Strangely, the simple task sparked “out of body” experiences among the volunteers and even led to hallucinations of monsters, their relatives, and their own faces. The term used in psychology to describe this kind of psychological experience is called “dissociation,” and refers to any sensation that makes a person feel detached from their immediate surroundings. Dissociation can be caused by a number of things, such as memory loss or the damaging mental effects of abuse or trauma. It can also be intentionally initiated by drugs like LSD, ketamine, mushrooms, and alcohol. Apparently, face-staring does the trick too.

In an account for the British Psychological Society’s Research Digest, Christian Jarrett wrote, “The participants in the eye-staring group  said they’d had a compelling experience unlike anything they’d felt before.” 90 percent of the participants said they’d seen deformed facial traits, 75 percent claimed they’d seen a monster, and 50 percent said they saw aspects of their own face in their partner’s.

Other similar studies that tested ways to induce dissociative-like states included staring at a dot on the wall or staring into the mirror for prolonged periods of time. Both methods could generate some types of hallucinatory effects, but staring into another person’s eyes is the most effective dissociation-inducing technique yet. Caputo calls it “interpersonal gazing” and says it has a more powerful dissociative effect on humans than staring into a mirror.

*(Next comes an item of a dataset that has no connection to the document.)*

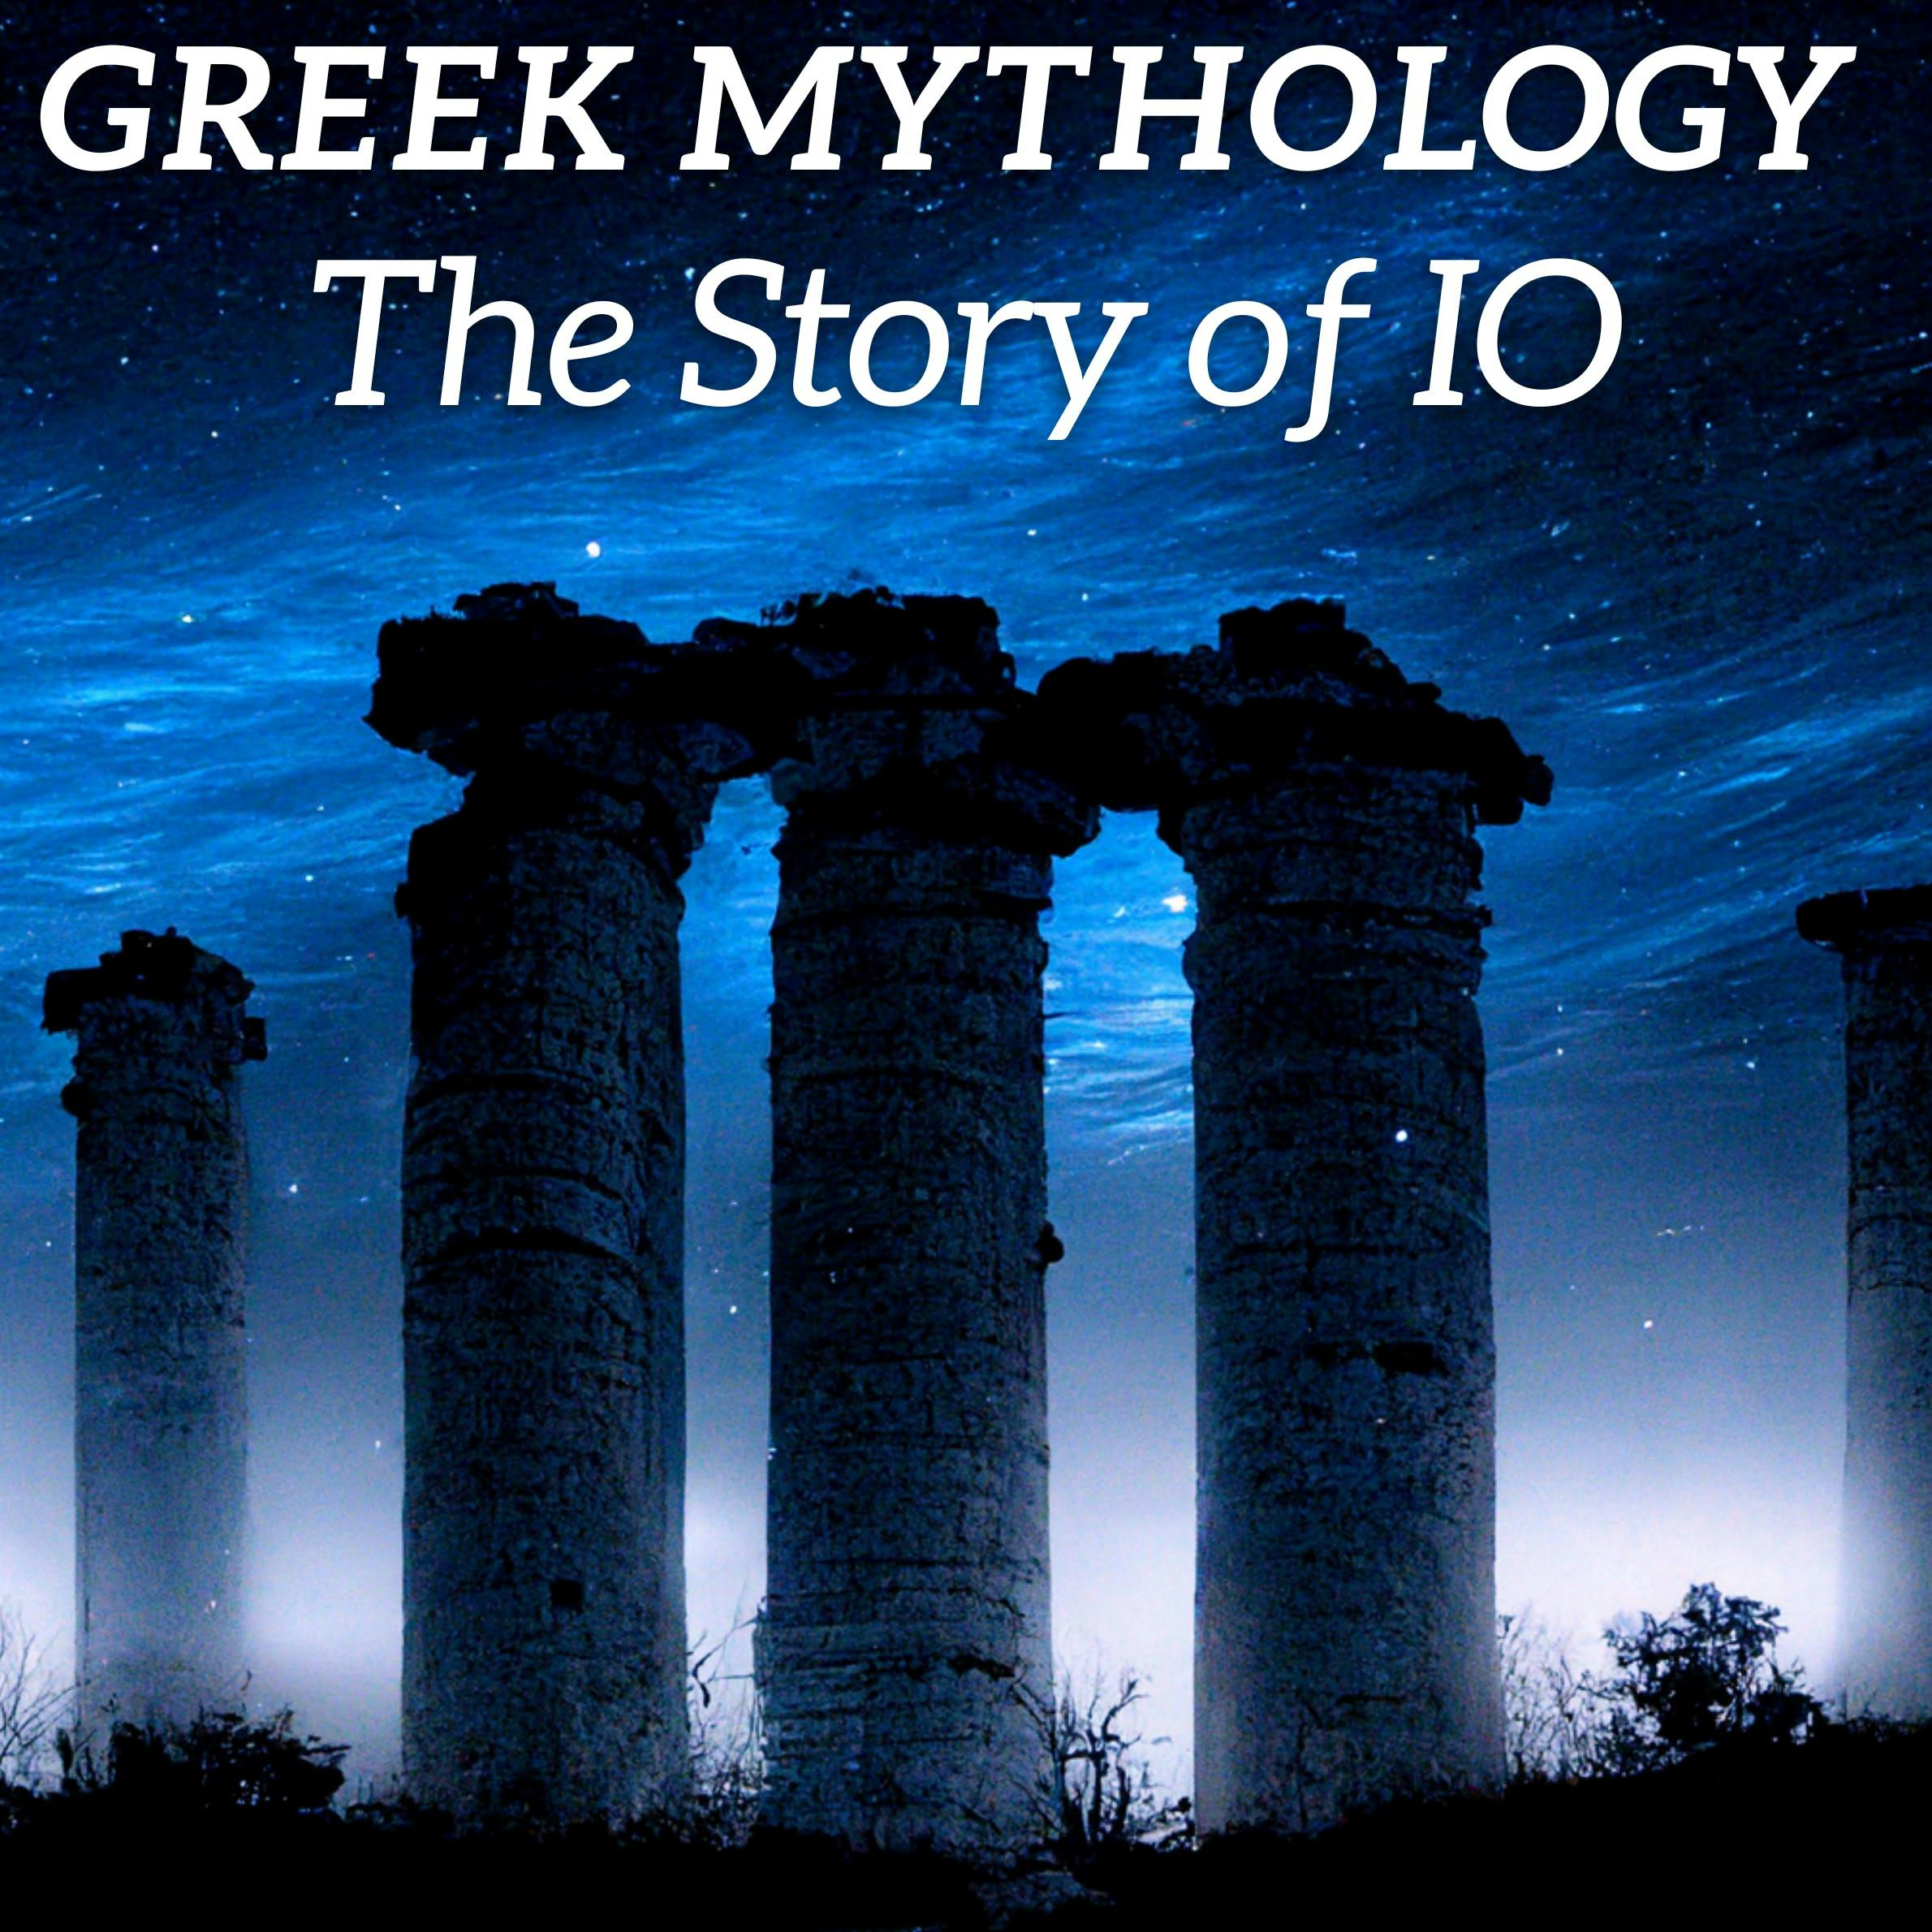 Greek Mythology Bedtime Story - The Story of IO

While it’s a strange concept indeed, it makes sense in a sort of bizarre way. The mind works in mysterious manners and is heavily influenced by our visual perceptions. In our busy day-to-day lives, we never sit still long enough to focus on something for 10 minutes straight. Our brain is always busy interpreting new information and jumping around with our trains of thought. If it’s given just one focus, such as gazing into a pair of human eyes, the brain’s inner workings may drive our perceptions to new states of consciousness that we’ve never before experienced.